Staffing shortages have caused many serious problems in numerous professions throughout the past year, and healthcare has been no exception. This area has been especially hard hit with respect to staffing of nurses — the U.S. Bureau of Labor Statistics reported that 275,000 additional nurses will be needed by the end of the decade. No doubt about it, this is not just a problem for large healthcare systems to deal with; it causes significant problems for patients as well. It is feared that dangerous patient care practices and poor outcomes will become more common if this situation is not remedied soon.
Addressing the root causes behind staffing shortages is a complicated affair and may take many years to affect real change. But this is not a problem that can wait that long for a solution, so what do we do now? One way that we may be able to fill the gap is through clever uses of technology that help current staff members to be more efficient, and effectively do the job of more than one person. Machine learning enthusiast Adam Milton-Barker reasoned that if healthcare providers had fewer distractions, they might be able to accomplish more real work during their shifts. Towards this end, he developed a proof of concept system that was designed to reduce time wasted making unnecessary rounds, instead directing the attention of hospital staff to where it is actually needed.
With the help of Edge Impulse, Milton-Barker developed a machine learning algorithm that can recognize the keywords “doctor," “nurse," and “help” in spoken language. By optimizing this classification pipeline for edge computing devices, it was possible to run it on a small, low-power, inexpensive microcontroller that has the potential to be installed in every room of a healthcare facility that is used to house patients. With such a device installed in each room, requests for assistance can be passively detected, then wirelessly transmitted to a central server. By monitoring these requests, staff can be dispatched exactly where they are needed, when they are needed.
As the hardware platform for this device that is designed to minimize time wasted by staff and maximize positive patient outcomes, Milton-Barker chose the Arduino Nano 33 BLE Sense development board. A 32-bit Arm Cortex M4 MCU running at 64 MHz and 256 KB of SRAM come standard on this tiny board. Wireless communications are provided via a Bluetooth Low Energy radio that is ideal for communicating inference results from the machine learning algorithm. In addition to a slew of other sensors, there is also a microphone, which makes the Nano 33 BLE Sense an all-in-one solution for this project.
To teach the algorithm to understand the keywords, Milton-Barker recorded a custom dataset. He accomplished this by first linking the Arduino to his Edge Impulse project, which allowed him to record utterances with the onboard microphone and have them automatically uploaded to Edge Impulse.
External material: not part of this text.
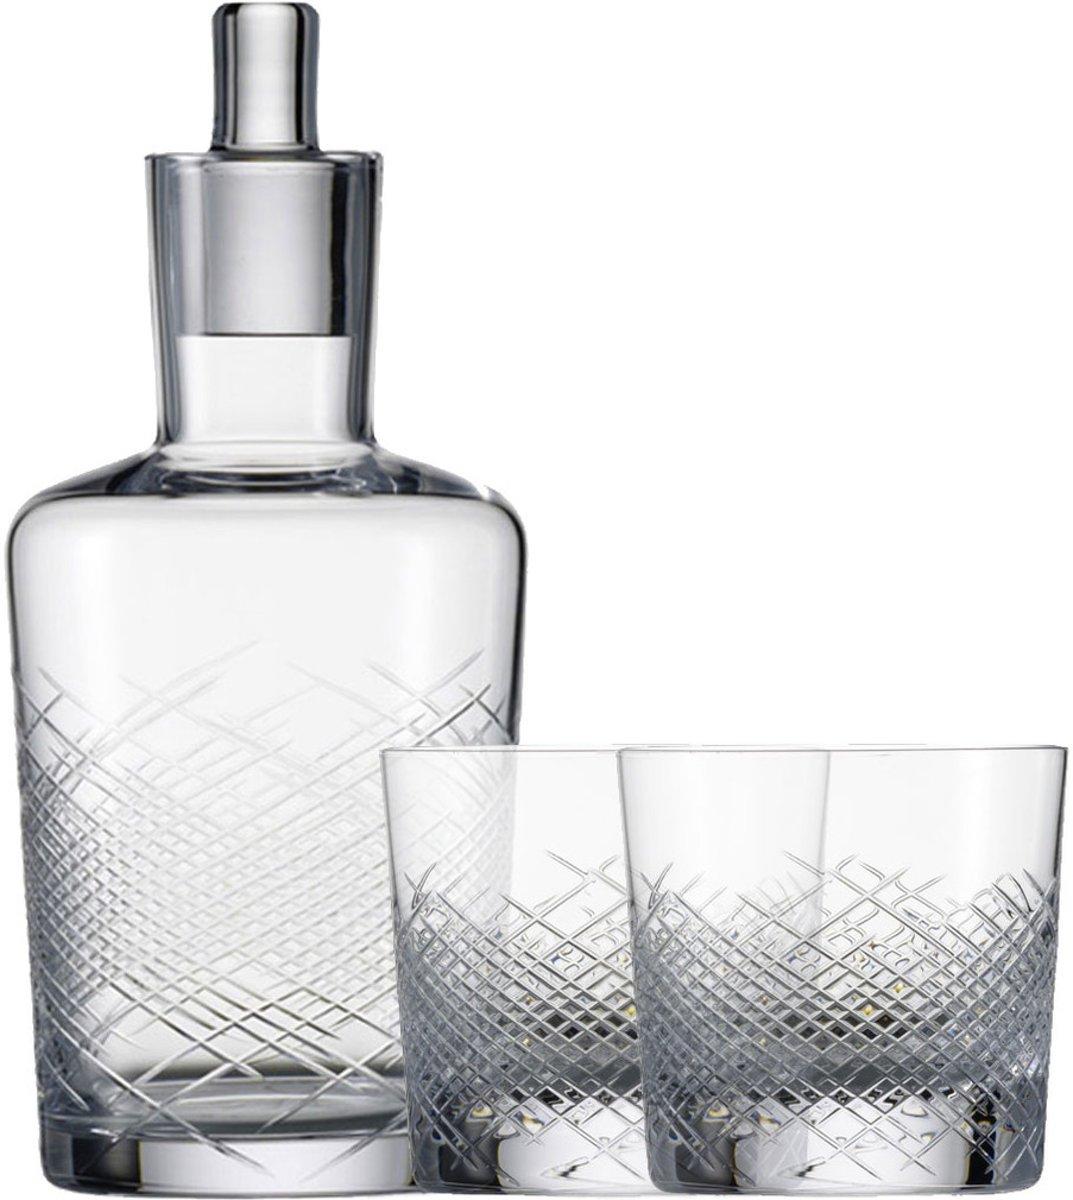 Zwiesel 1872 Hommage Comète Whisky set - 2 glazen + 1 karaf kopen

A total of 150 repetitions of each keyword were spoken during the data collection process. To make the model more robust, a “noise” class was also recorded and combined with data from the Microsoft Scalable Noisy Speech Dataset. As a final step, random speech samples were extracted from this same Microsoft speech dataset and used to create an “unknown” class.
Now for the easy part — an impulse was created in Edge Impulse Studio consisting of an MFCC preprocessing block that is optimized for extracting the most relevant features from audio samples. This serves to reduce the computational overhead of subsequent steps and enable them to run on smaller hardware platforms, like microcontrollers. The features were fed into a neural network classifier, which will do the work of recognizing which of the known classes a new audio sample belongs to. The training process was initiated with the click of a button, and afterwards metrics were presented to give Milton-Barker an idea of how well the model was performing. With the average training classification accuracy coming in at 99.2%, the model was looking excellent. This result was validated using the live classification tool, which allowed for direct, on-device testing in real-time.
When it comes to healthcare applications, close might not be good enough. So the Performance Calibration tool was used to further test the model by assessing how it will perform under real world use with streaming audio data. The results of this testing helped with the selection of an appropriate post-processing algorithm that fine-tunes the final result. Adjustable parameters can tune the post-processing algorithm to control the trade-off between the false acceptance rate and false rejection rate. In short, the Performance Calibration tool makes a good model perform even better.
Having rigorously optimized the algorithm for performance on edge devices and for classification accuracy, everything was set for deployment to the physical hardware. Milton-Barker chose to do this by exporting the full analysis pipeline as an Arduino library. This offers the flexibility to insert one’s own logic into the code, for example, it would be possible to trigger an arbitrary action when a certain inference result occurs.
The final device was capable of detecting the predefined keywords from a continuous stream of real-time audio with a high degree of accuracy. The classification result, along with a unique identifier tied to each device, was broadcast wirelessly via Bluetooth such that a central server could record it. This is all the information required to know that a patient in a particular room is requesting help of a specific type. Not bad for an afternoon’s worth of work and less than a hundred dollars in parts.
Using the information in the documentation it would be a simple task to add to the set of recognized keywords, or to adapt the methods for an entirely different application area. And as a shortcut to get you on your way quickly, you can clone Milton-Barker’s Edge Impulse project.